Si vous observez beaucoup de fourmis autour d’une colonie de pucerons, la présence de coccinelles ne suffira pas toujours à rétablir l’équilibre. Il peut être utile de limiter l’accès des fourmis à la plante, par exemple en supprimant les ponts formés par des branches voisines ou en utilisant une barrière adaptée autour du tronc.

Les insecticides appliqués directement sur les feuilles sont rarement la meilleure première réponse. Ils éliminent souvent les pucerons, les coccinelles et d’autres insectes utiles en même temps. Une observation attentive permet parfois de corriger le problème sans traitement lourd.

Attention aux insecticides, même dits naturels

Le savon noir, les huiles, le pyrèthre ou certains produits à base de plantes ne sont pas automatiquement sans danger pour les coccinelles. Leur toxicité dépend de la substance, de la concentration, du moment de l’application et du contact direct avec l’insecte.

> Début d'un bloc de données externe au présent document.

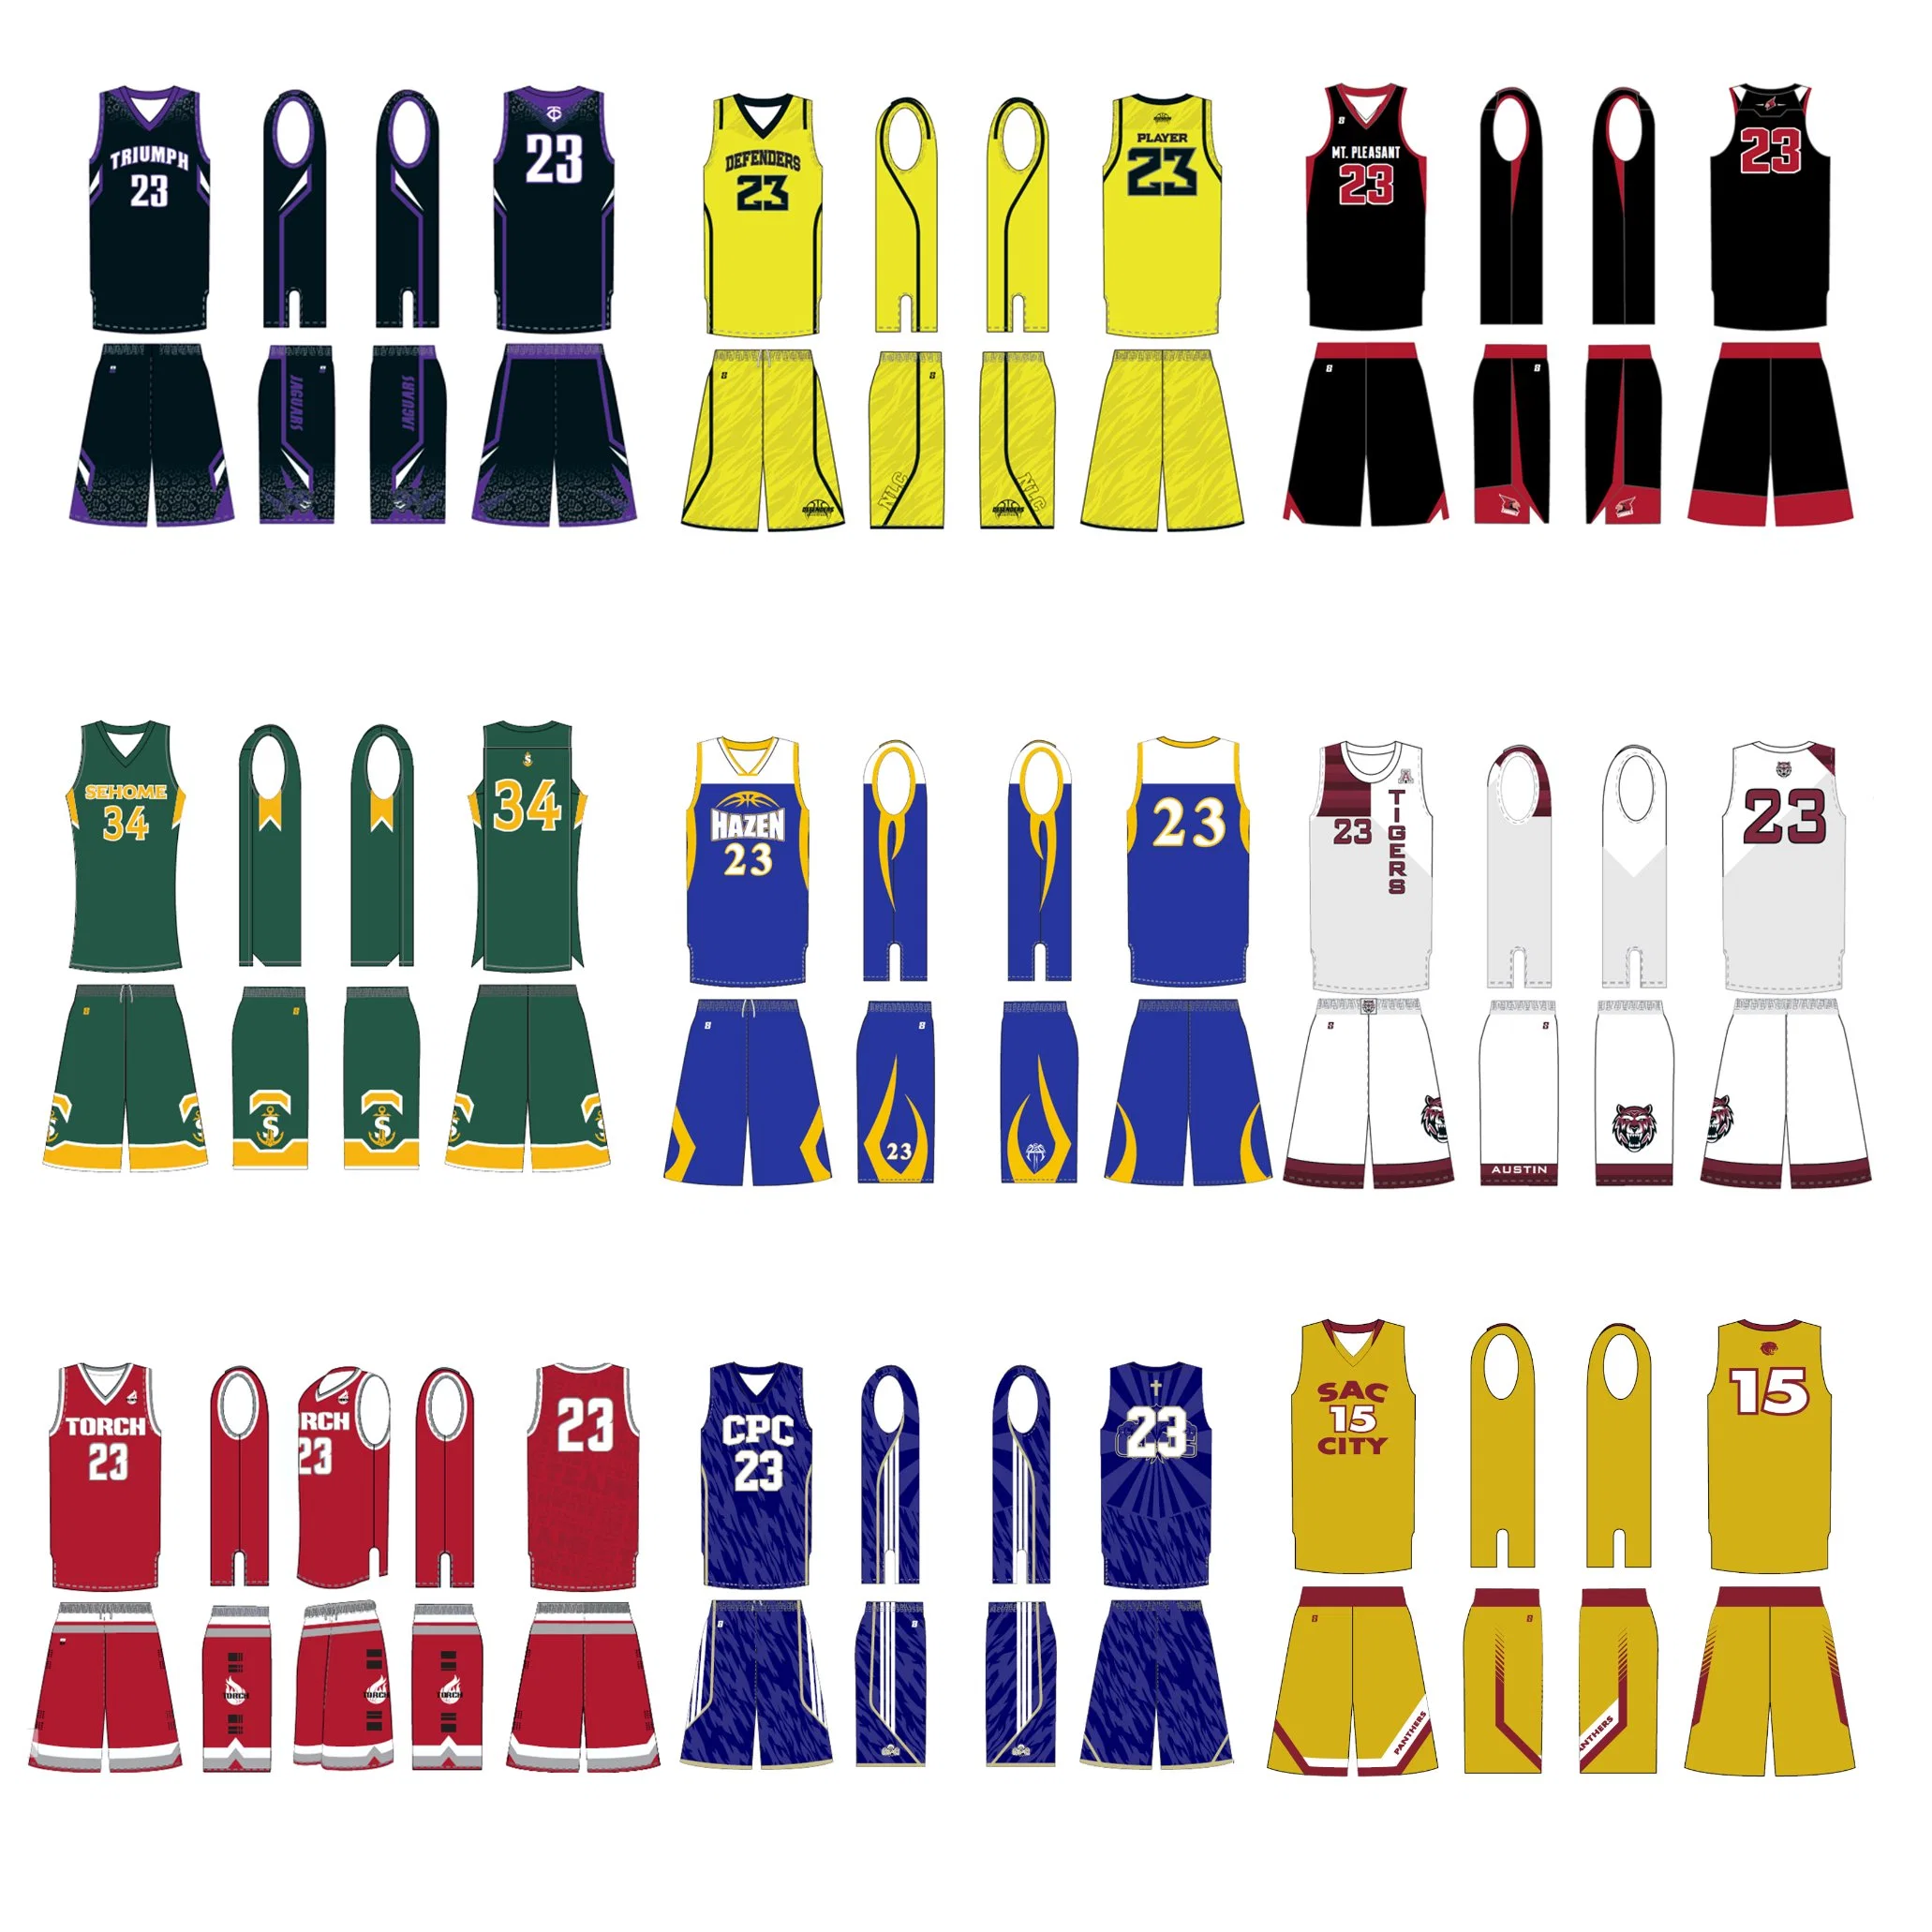 Última sublimação do basquetebol reversível Jersey Design Personalizado de uniformes de basquete se sublima sportswear

Un produit de contact ne fait pas la différence entre un puceron et une larve de coccinelle. S’il est pulvérisé sur une colonie où se trouvent des auxiliaires, les pertes peuvent être importantes. Les produits systémiques, absorbés par la plante, posent une autre difficulté : leurs résidus peuvent persister dans les tissus et affecter les insectes qui se nourrissent de la sève ou des parties végétales.

Avant toute application, vérifiez l’étiquette, la culture concernée, les organismes non ciblés et les délais de sécurité. Ne traitez jamais par habitude. Si une intervention est réellement nécessaire, ciblez les foyers, intervenez en dehors des périodes de forte activité et évitez les fleurs visitées par les insectes.

Le bon réflexe pour aider les coccinelles

Pour nourrir les coccinelles, il n’est généralement pas nécessaire de leur déposer du miel ou d’acheter un aliment spécial. Il faut surtout maintenir un environnement où elles trouvent des pucerons, du nectar, du pollen, de l’eau et des refuges.

Observez les larves avant de les confondre avec des ravageurs, tolérez les petites colonies de pucerons et réduisez les traitements non indispensables. Une coccinelle ne s’installe pas sur commande : elle vient lorsque le jardin lui offre une ressource suffisante et un endroit où rester.

La prochaine fois que vous verrez quelques pucerons sur une jeune pousse, regardez attentivement les feuilles voisines. Une larve hérissée de petites pointes est peut-être déjà au travail. Et dans ce cas, le meilleur geste du jardinier est parfois de ne rien faire pendant quelques jours.